Making a hashtag of it

June 6, 2013

Times Higher Education recently encouraged responses to its cover feature “My student nemesis” (16 May) with a Twitter hashtag, #myworststudent. Having dropped some ­Twitter clangers in my time, I won’t seek to claim the high ground. However misjudged that original hashtag was, the response from students, #mybestlecturer, was a positive outcome. It showed that great lecturers can change lives for the better, and that is why the National Union of Students passionately believes in a partnership approach to edu­cation despite ministers ­seeking to convince us that treating it as a financial ­transaction would serve us better.

The NUS and the Higher Education ­Academy have developed and rolled out the Student-Led Teaching Awards (SLTA). Pioneered at one union in Scotland, the awards now involve nearly two-thirds of UK higher education ­institutions. The genuinely touching #mybest­lecturer messages are similar to the tens of thousands of nominations students’ unions collect through the SLTA every year. We don’t do this just to be nice but rather to identify best teaching practice and to champion it.

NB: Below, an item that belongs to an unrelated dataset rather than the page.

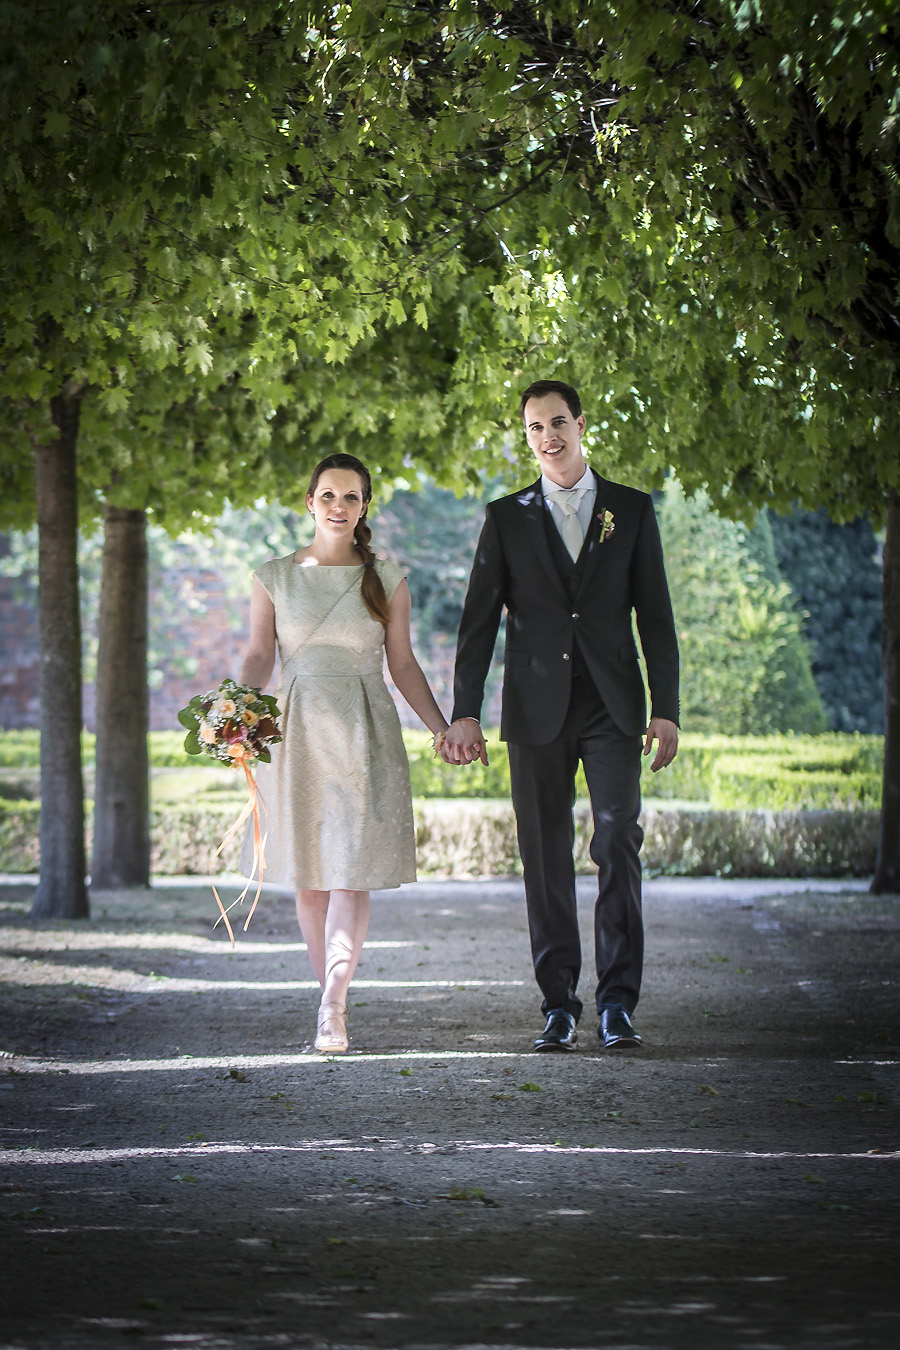 Brautpaarfotos Delitzsch

Let’s hope more good will come from your proverbial slip of the tweet: I hope any vice-chancellor reading this has a look at the award website and reaches for the chequebook to start or redouble their support for students’ unions running the scheme.

Those whom academics consider their worst students might also be the ones with the most to deal with outside the lecture theatre. Let’s celebrate the thousands of lecturers who go out of their way to help their charges rather than being cynical about what can be an incredibly stressful period in life.